Trimis de pe al meu SM-A505FN folosind Tapatalk


----------



## mistergreen (Mar 3, 2007)

could be cyanobacteria


----------



## sgianim (Jan 1, 2018)

The cyanobacteria do not disintegrate in water when you try to remove it. 
Or at least that's what I noticed when I had cyanobacteria.

Trimis de pe al meu SM-A505FN folosind Tapatalk


----------



## mistergreen (Mar 3, 2007)

Blue green algae is a cyano, it doesn't disintegrate.


----------



## Am2020 (Sep 10, 2019)

Would you say that maybe someone is over feeding the tank? Or maybe adding a little extra fertilizers each week?

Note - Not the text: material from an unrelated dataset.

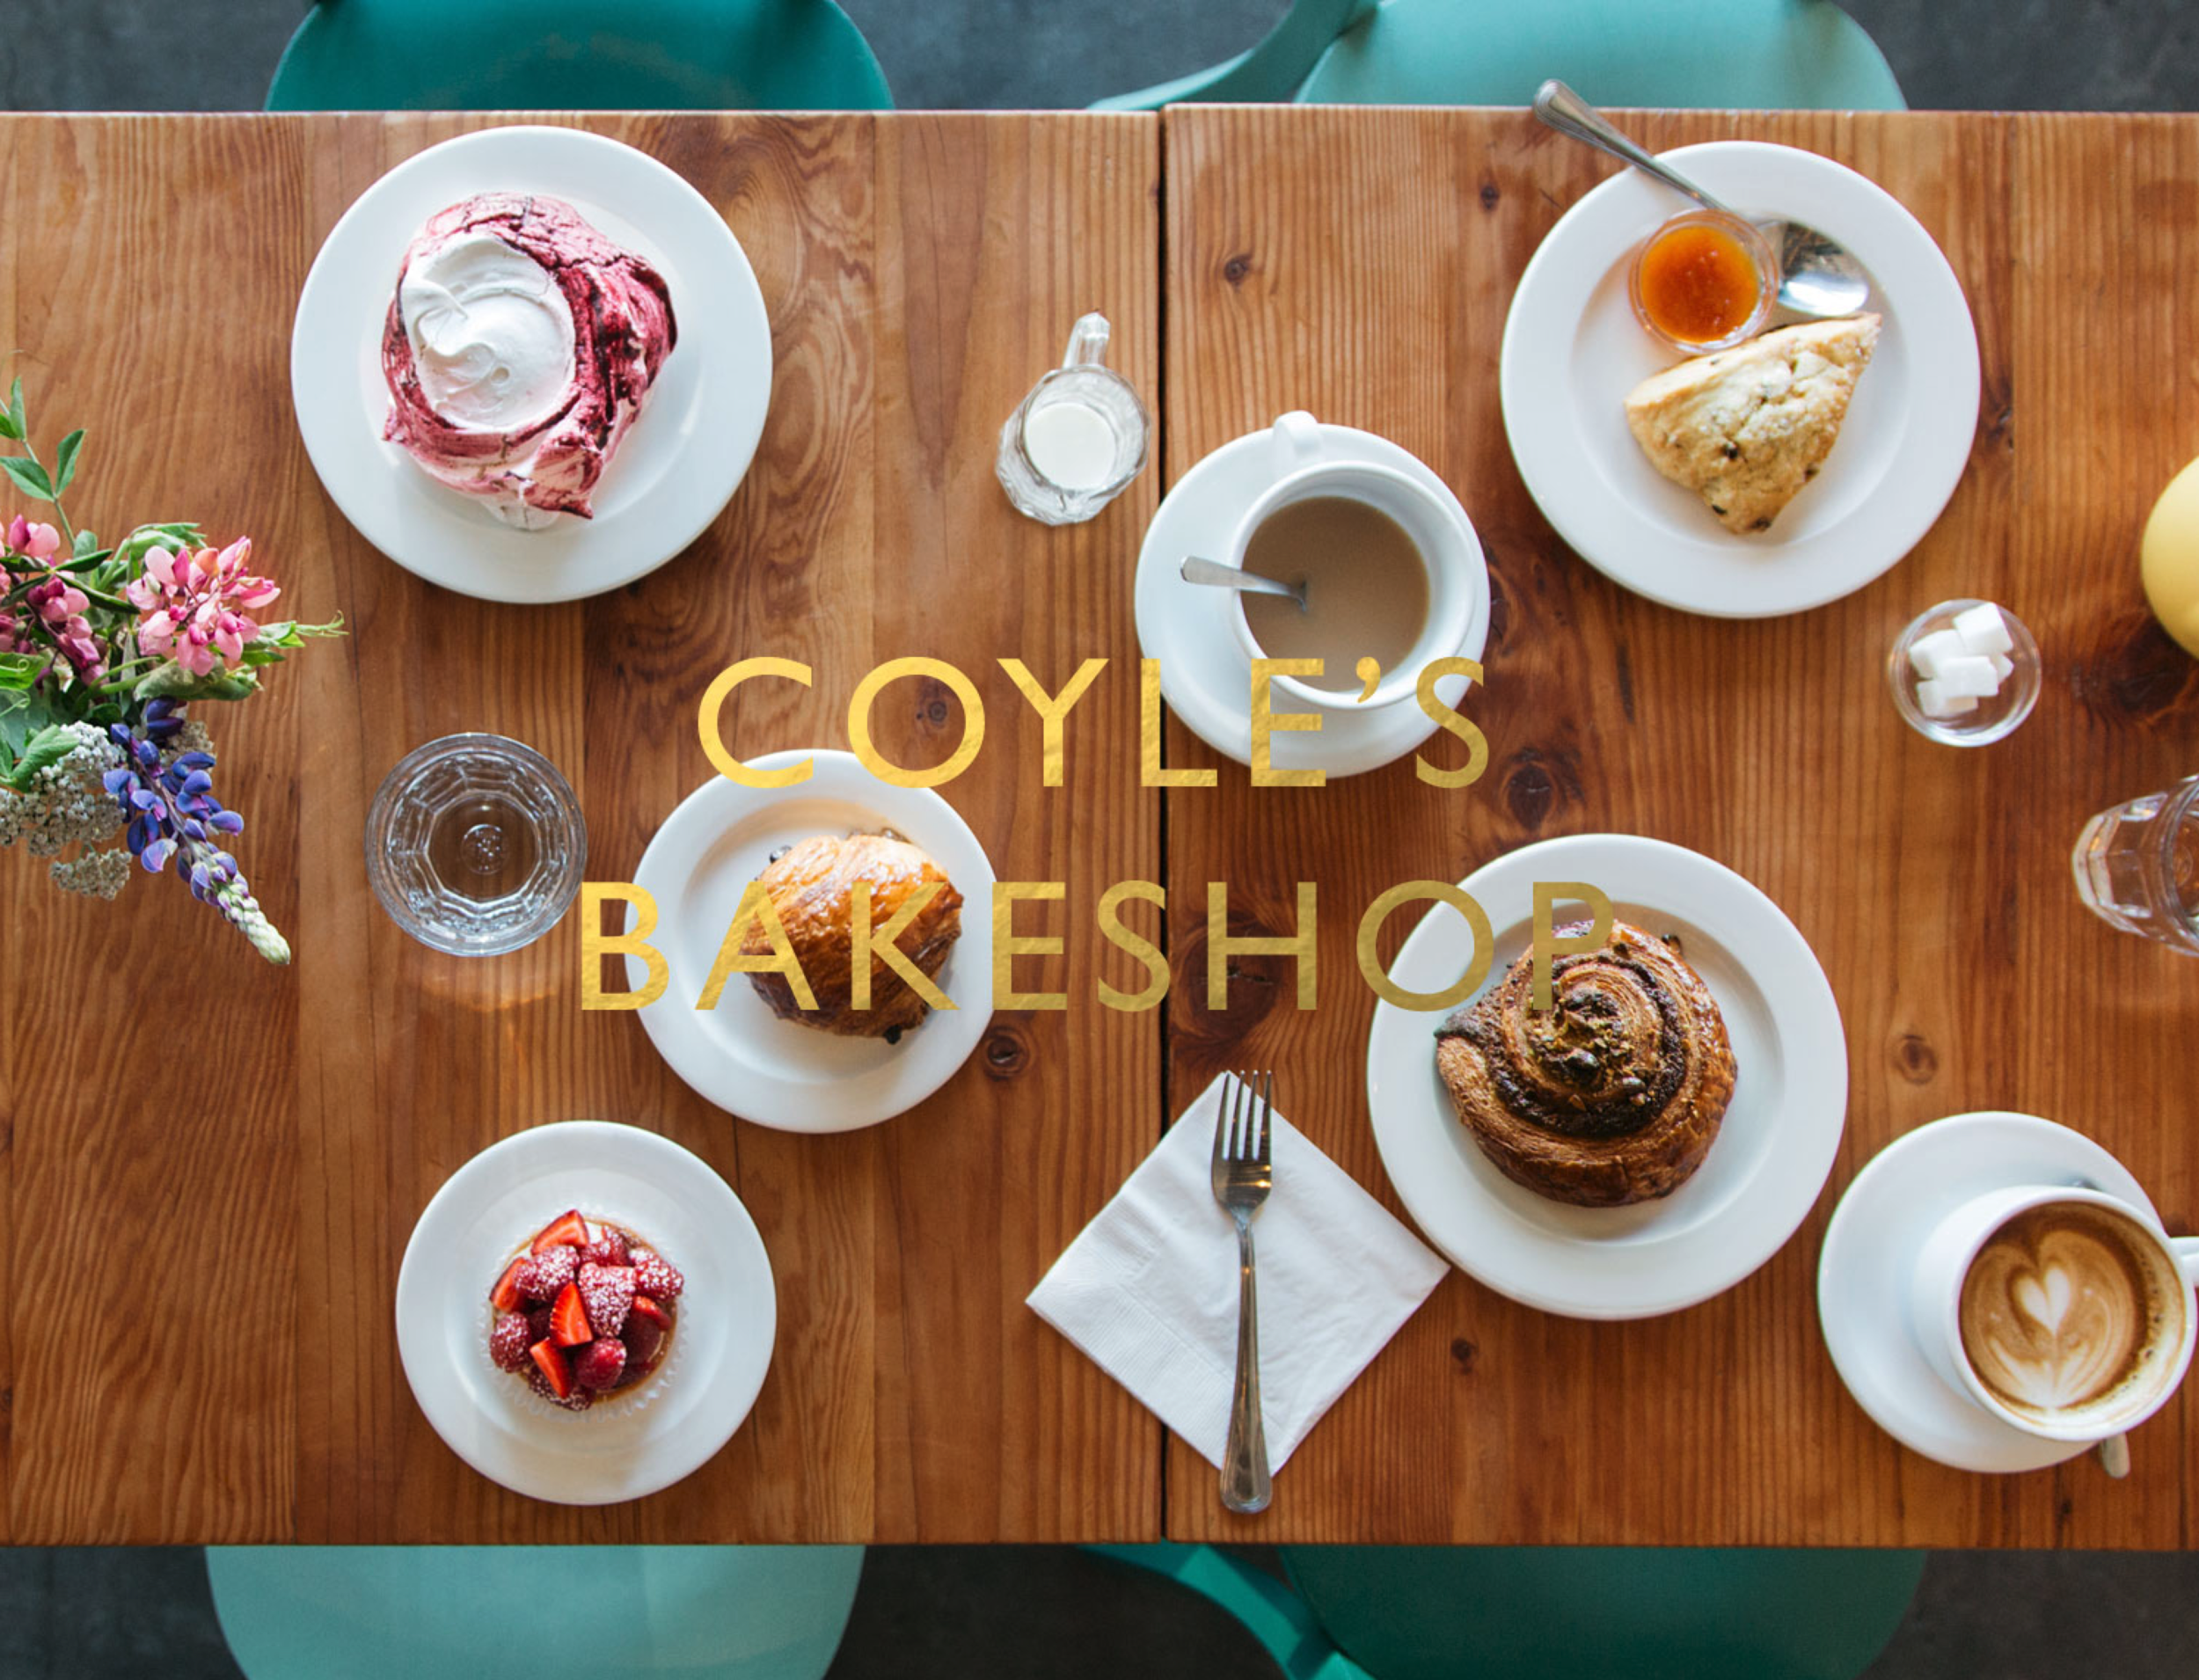 Coyle's Bake Shop

Most likely a type of cyanobacteria. Some types can grow into thick sheets and some stay super thin and fragile. It's basically half bacteria and half algae. Doesn't matter what type it is exactly. They can all be treated the same way. Reduce over feeding to a bare minimum. The fish will look hungry but shouldn't lose any weight. So don't worry about starving. Just a piece of food no bigger than their eye ball daily. Literally no more than a single bite. This is going to be tough one because we all feel guilty about depriving our fish of food and enjoy seeing them feed. Next make sure your water source is not the cause. Have it tested and post here: ammonia, nitrite, nitrate, pH, phosphate, and anything else your LFS can test for you. If the tap water is less than ideal try using bottles jugs of spring water till things clear up. Keep vacuuming as much waste from the tank as possible. Excess amounts of fish waste can feed this algae. We want to starve out the bad bacteria/algae. The good bacteria will be fine so don't worry about that. Rinse the filters weekly but don't replace them. You want to remove any solid waste before it breaks down but keep the good bacteria alive on the filters. Next biggest cause is too much light. Reduce the lights to 6 hours each day and don't allow them to stay on past dark. The total photo period includes ambient light from the windows and you don't want to extend it. The plants won't grow as much but at least they won't die and melt either. The algae on them is probably doing more harm in stunting their growth at the moment. Each week you should see a huge improvement compared to the last.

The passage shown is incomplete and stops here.